Real estate investment trusts are generally considered income investments because they have tax benefits that require them to distribute the majority of their profits to shareholders through dividends. Any investor would be concerned about a potential dividend cut, which could cause the company’s share price to plummet. Here’s a screener of REITs that appear to be well-positioned to maintain or grow their dividends.
In the REIT industry, funds from operations (FFO) are often used to measure a company’s cash available for dividend distributions. This is a non-GAAP measure that adds depreciation and amortization back to earnings while subtracting proceeds from property sales.
Adjusted funds from operations (AFFO) takes this concept a step further by subtracting the cost of maintaining the REIT’s rental properties.
So if we divide the REIT’s annual AFFO by its share price, we get the AFFO yield, which we can compare to the REIT’s dividend yield to see if there’s room for more than the dividend yield. This can give investors comfort that the REIT can at least maintain its dividend and hopefully grow its payouts over time.
There are two broad categories of REITs. Equity REITs develop or own properties for rent or sale. Mortgage REITs invest in mortgage-backed securities or issue mortgage loans. Some REITs operate in both camps.
A pure-play mortgage REIT would not have an estimated AFFO figure because it does not spend money to maintain investment properties. This screen focuses on Equity REITs.

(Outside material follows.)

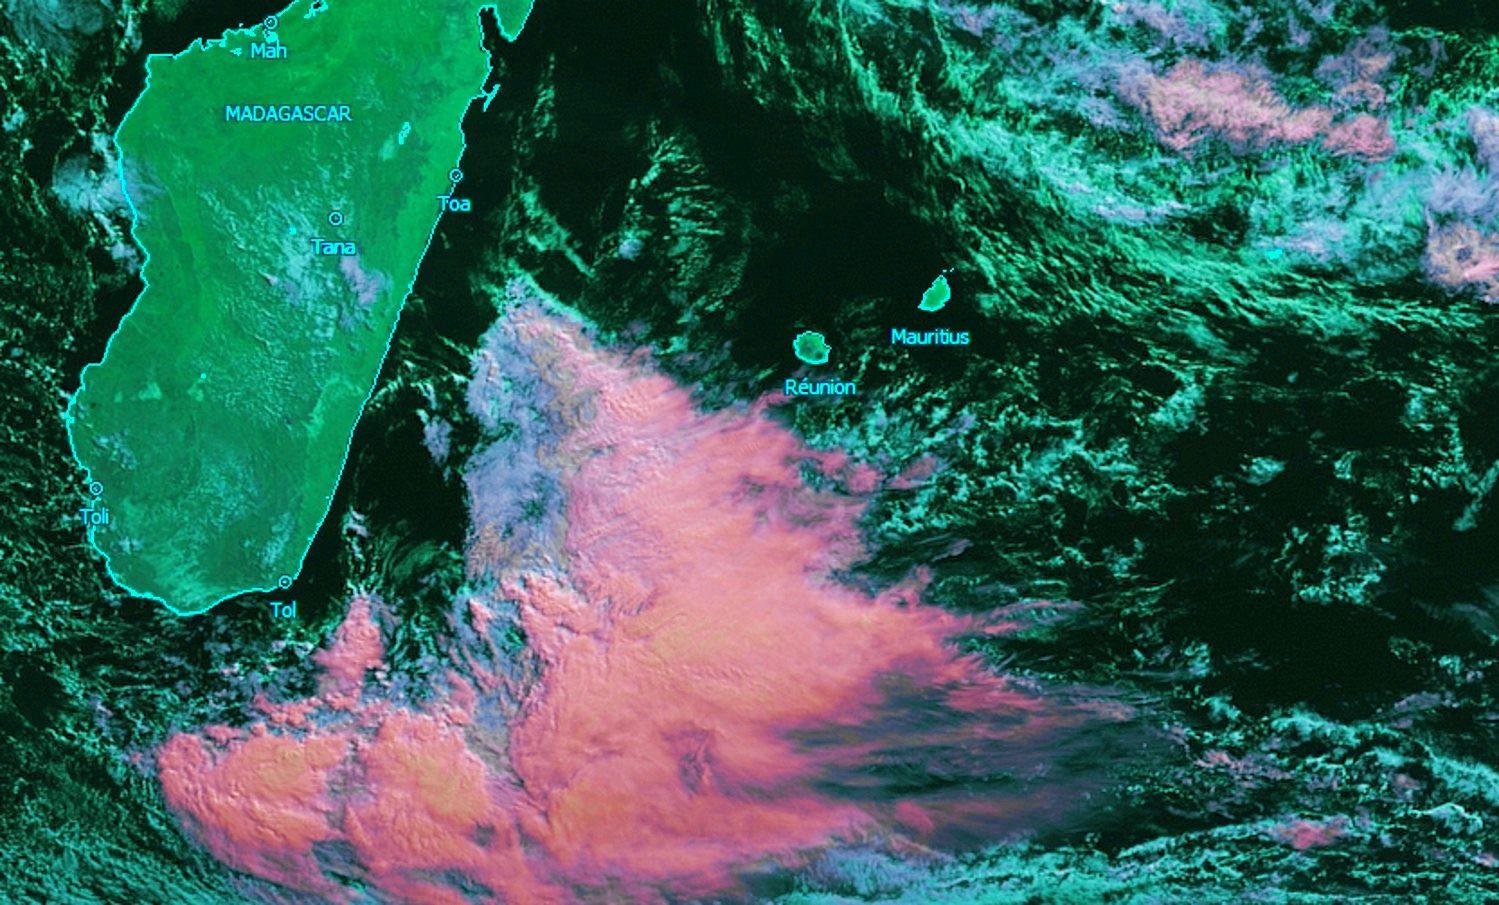 Image satellite: Météosat à 10heures. La REUNION et MAURICE sont dans une zone de beau temps avec de l'instabilité au nord-est et une zone dépressionnaire au sud-est de MADA. Crédit image: KOBUS

To delve deeper into the industry, we started with the 174 REITs in the Russell 3000 Index RUA, which itself aims to capture 98% of the market share of U.S. exchange-listed stocks.
Of the REITs surveyed by FactSet, 108 are covered by at least five brokerage and research firm analysts and for which consensus 2026 AFFO forecasts are available.

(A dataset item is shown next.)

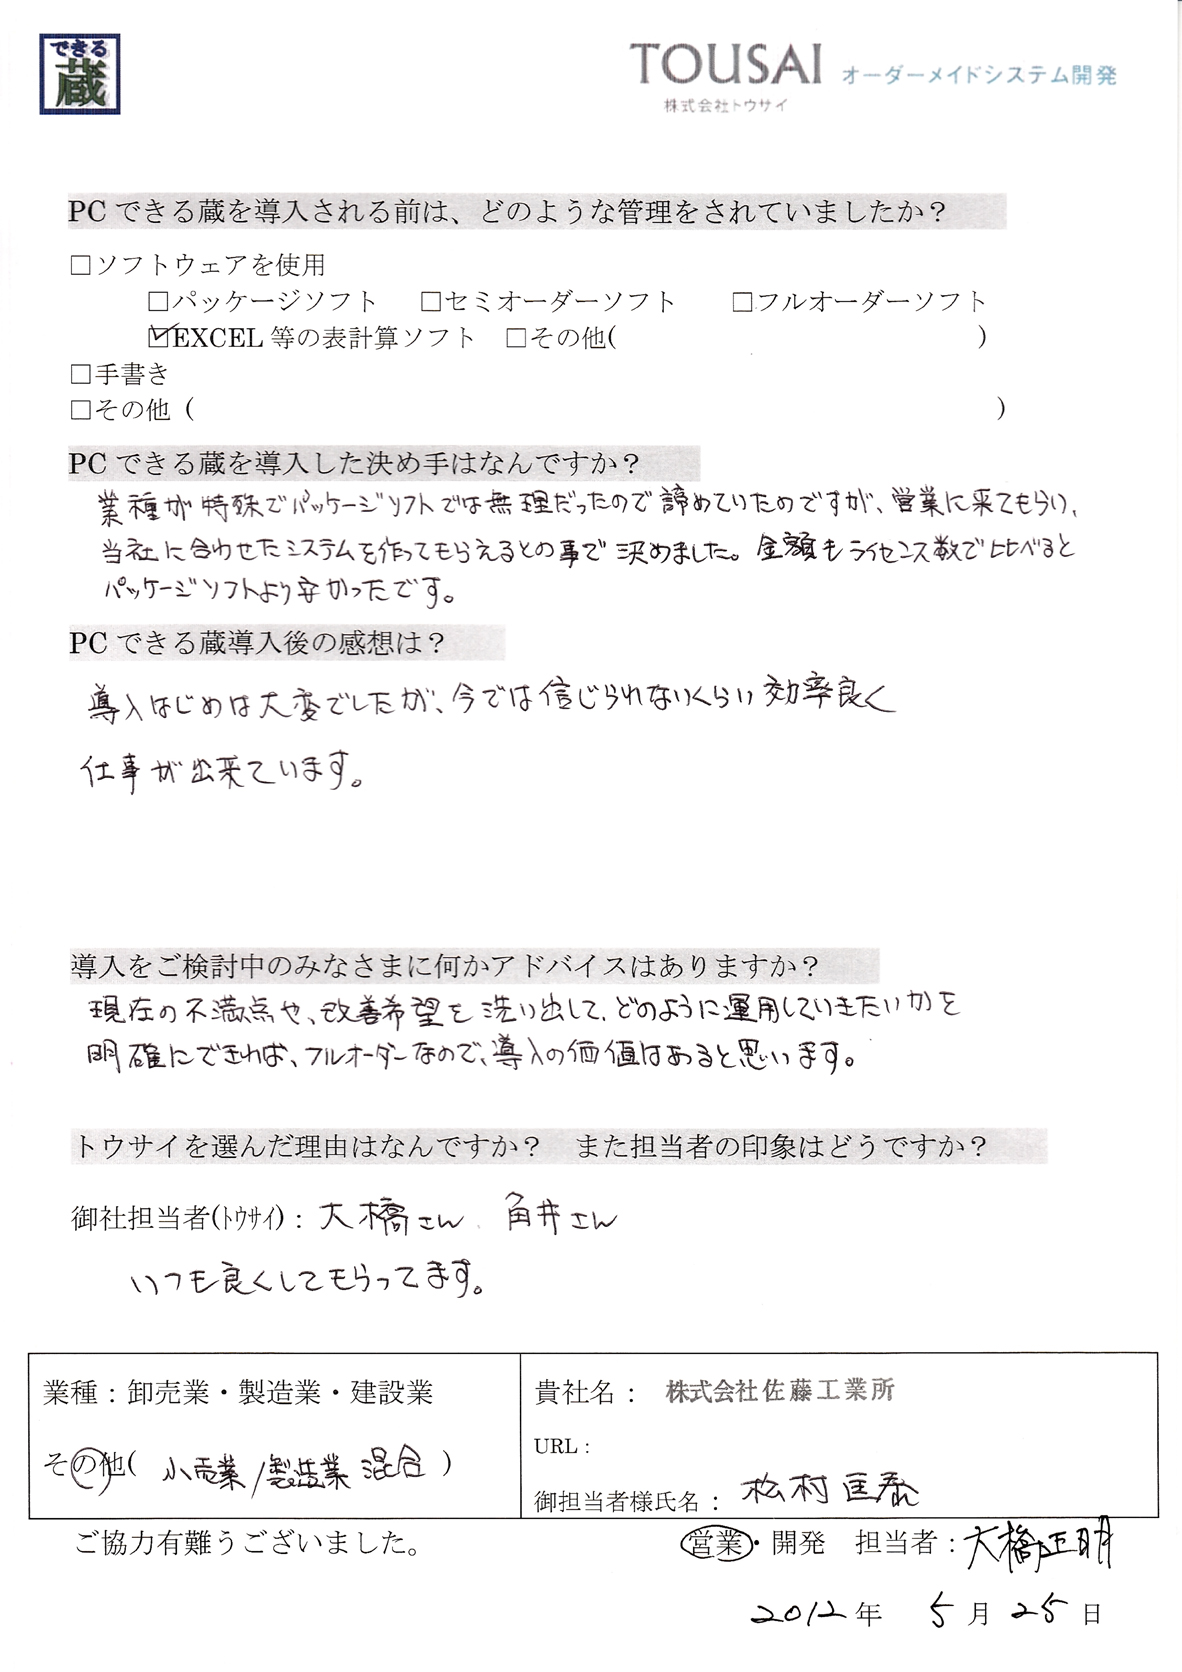 株式会社 佐藤工業所 様

Of these 108 companies, 86 have an AFFO headroom of at least 1.00%, based on current dividend yields and consensus 2026 AFFO estimates.
There are two further tests, according to the advice of Lewis Altfest, CEO of Altfest Personal Wealth Management in New York, who warned MarketWatch in a previous interview that if a stock has a very high dividend yield, “there’s going to be problems.” High yields mean lower share prices, and investors anticipate dividend cuts as they shy away from them.